Question

How do you simplify $\left( {27,000,000} \right)\left( {0.0004} \right)$ in scientific notation?

Answer 1

Hint: We are given an expression. We have to write the equivalent number in scientific form. First, we will place the decimal after the first number to the right. Then, we will count the number of digits on the right of the decimal place. Then, write the value of count as a power of ten multiplied by the decimal number.

Complete step by step solution:
Given number is $\left( {27,000,000} \right)\left( {0.0004} \right)$

First, we will convert $27,000,000$ in scientific form.

Here, $27,000,000$ is a whole number which means the decimal will be placed at the end of the number.

Now, we will place the decimal after the first digit of the whole number by moving it 7 places to the left.

$ \Rightarrow 2.7,000,000$

Now, we will determine the exponent which is equal to the number of times we moved the decimal.

$ \Rightarrow b = 7$

Now, write the number in scientific form by substituting the values of $a$ and $b$. Since we moved the decimal to the left which means the value of exponent is positive.

$ \Rightarrow 2.7 \times {10^7}$

Now, we will convert $0.0004$ in scientific form.

Here, $0.0004$ is a decimal number and the decimal is placed at the start of the number.

Now, we will place the decimal after the first digit of the whole number by moving it 4 places to the right.

$ \Rightarrow 0004.0$

Now, we will determine the exponent which is equal to the number of times we moved the decimal.

$ \Rightarrow b = 4$

Now, write the number in scientific form by substituting the values of $a$ and $b$. Since we moved the decimal to the right which means the value of exponent is negative.

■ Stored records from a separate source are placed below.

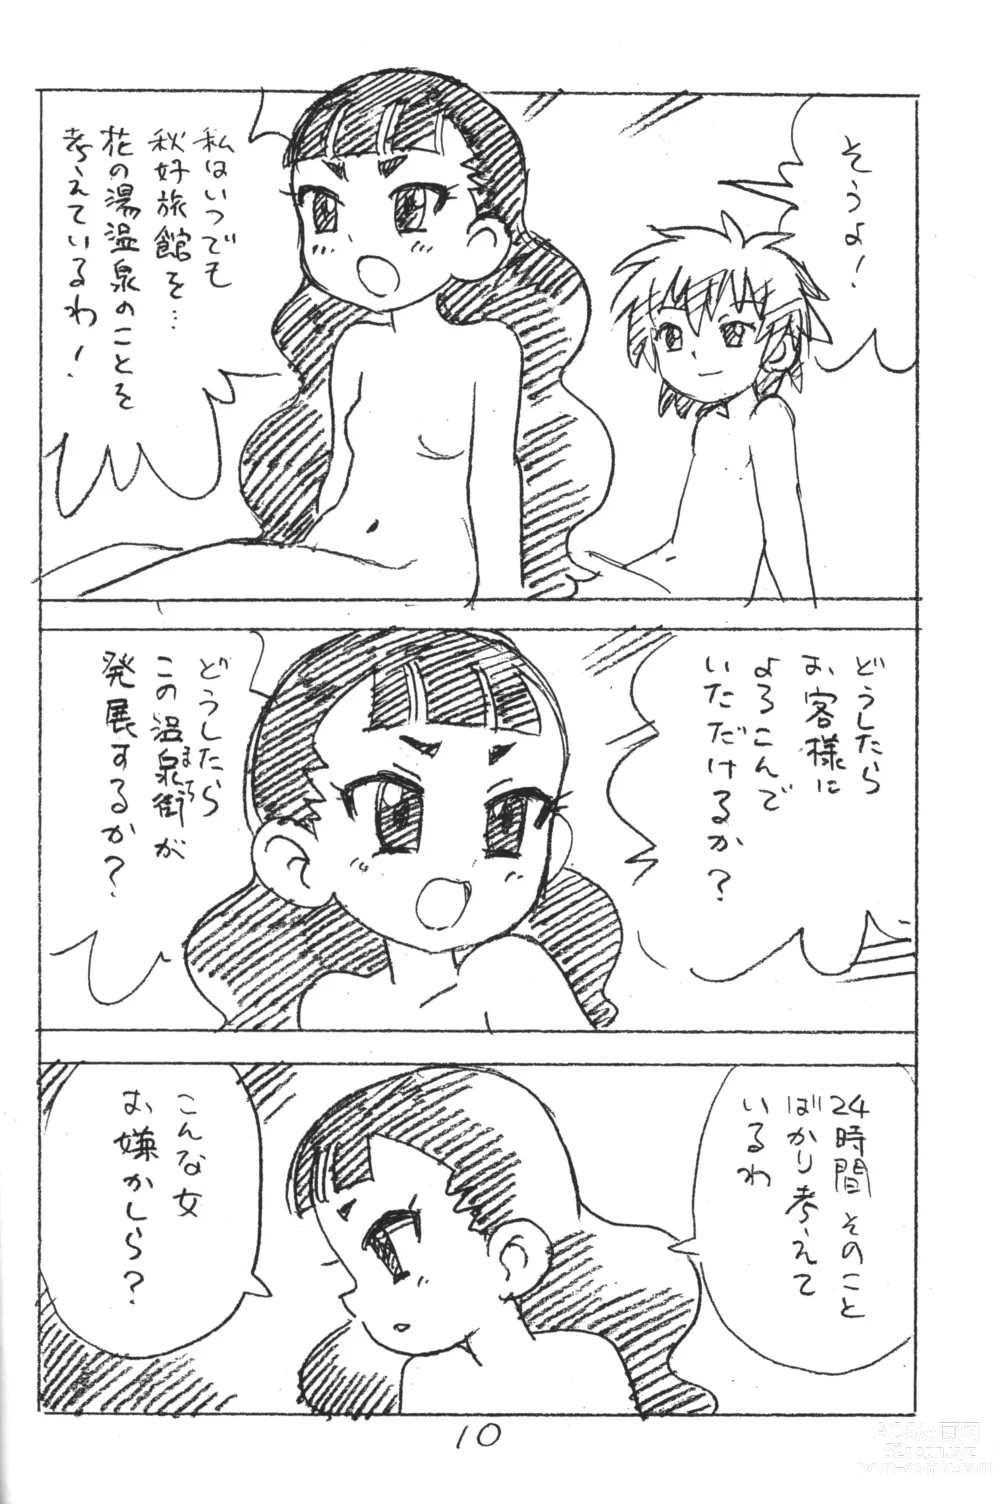 Page 9 of doujinshi Enpitsu Kaki Eromanga 2018 Fuyu
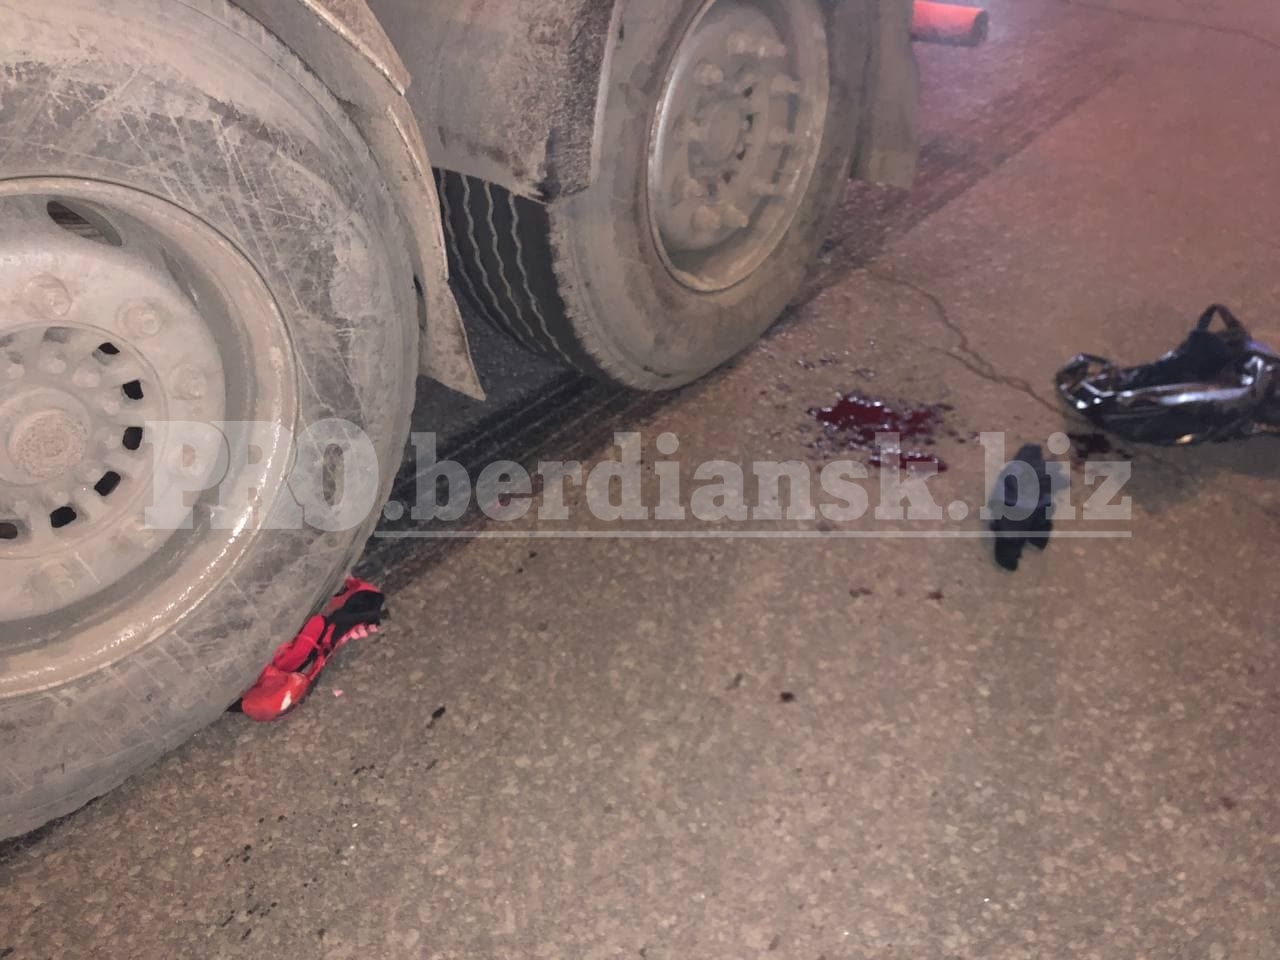 В Бердянске пьяный велосипедист угодил под колеса фуры (видео)
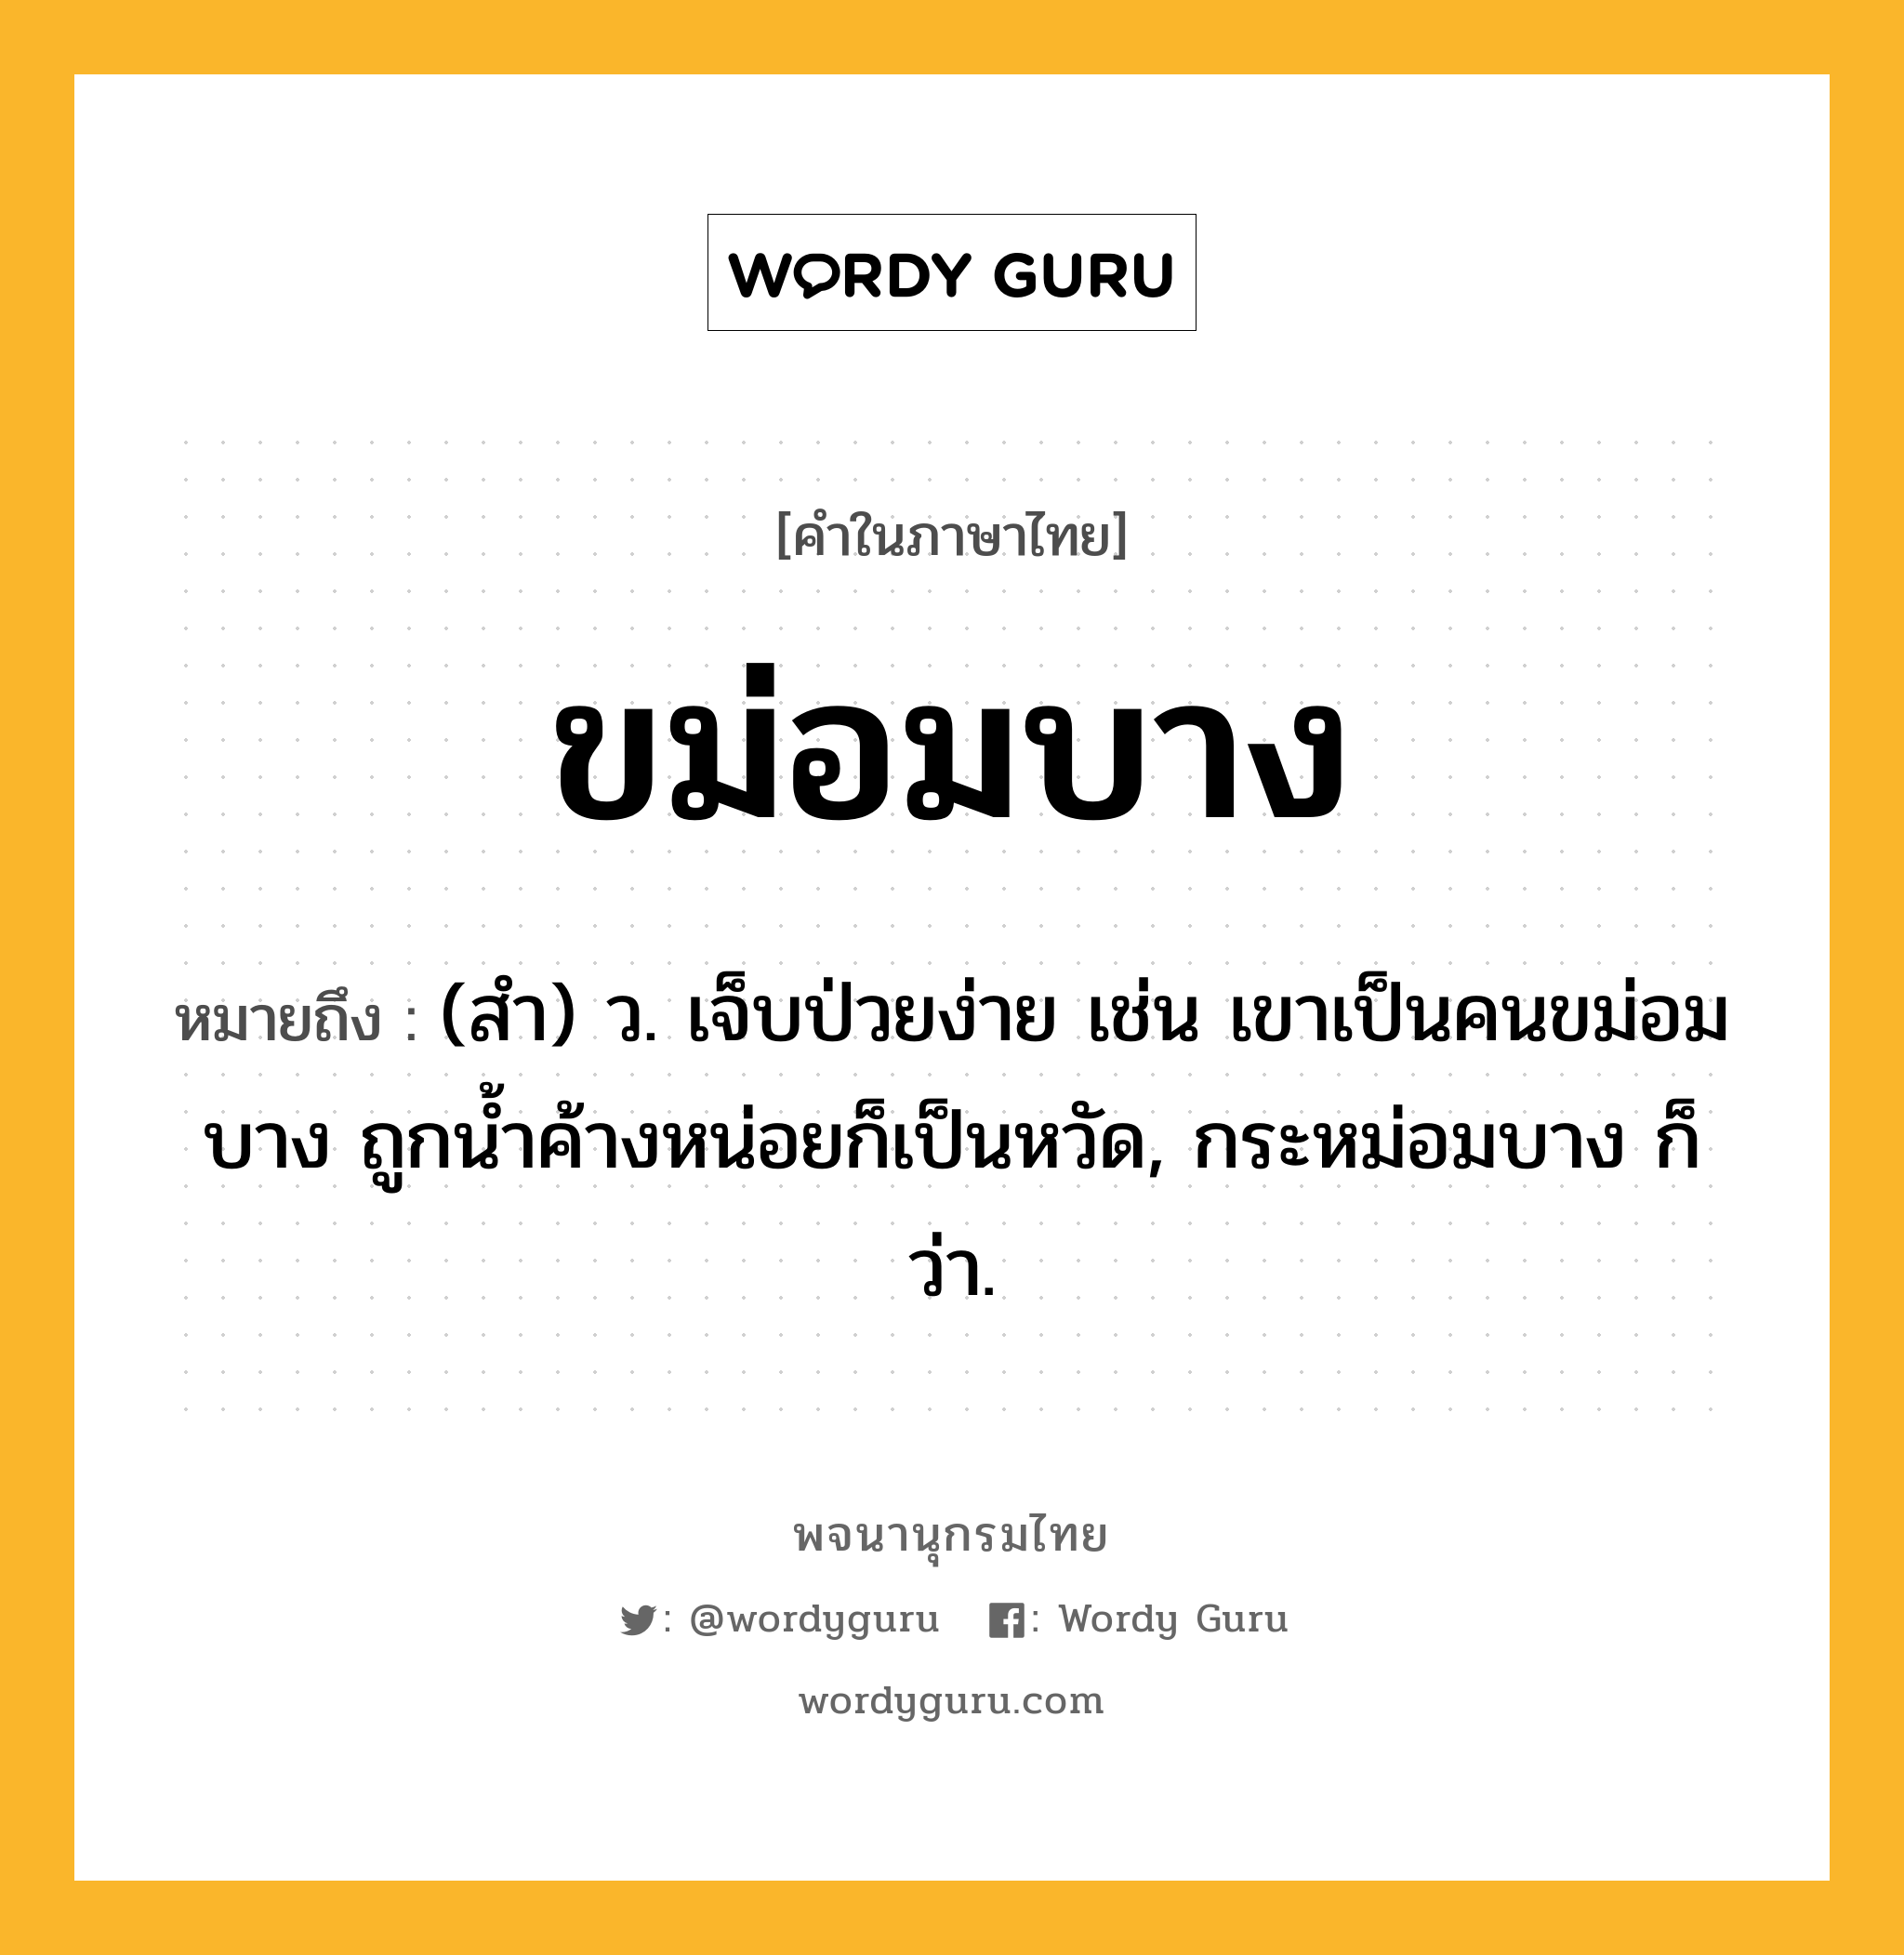 ขม่อมบาง หมายถึงอะไร?, คำในภาษาไทย ขม่อมบาง หมายถึง (สํา) ว. เจ็บป่วยง่าย เช่น เขาเป็นคนขม่อมบาง ถูกนํ้าค้างหน่อยก็เป็นหวัด, กระหม่อมบาง ก็ว่า.

$ \Rightarrow 4.0 \times {10^{ - 4}}$

Now, multiply the numbers in scientific form.

$ \Rightarrow 2.7 \times {10^7} \times 4.0 \times {10^{ - 4}}$

Multiply the coefficients of both scientific numbers.

$ \Rightarrow 10.8 \times {10^7} \times {10^{ - 4}}$

Since, the scientific notation of a number $a \times {10^b}$ contains $1 < a < 10$. Therefore, move the decimal one place to the left of the number and write the exponent equal to the number of times we moved the decimal.

$ \Rightarrow 1.08 \times {10^1} \times {10^7} \times {10^{ - 4}}$

Now, apply the product rule of exponents, we get:

$ \Rightarrow 1.08 \times {10^{1 + 7 - 4}}$

$ \Rightarrow 1.08 \times {10^4}$

The scientific notation of $\left( {27,000,000} \right)\left( {0.0004} \right)$ is $1.08 \times {10^4}$

Note: The students must remember that the exponent of the scientific number expresses the number of placeholders present, which means the number of places the decimal will move either to the left or right to the value of base. Also, the students please note that if the power of 10 is negative, then it represents the small number in standard form whereas if the power of 10 is positive, it will represent the large number.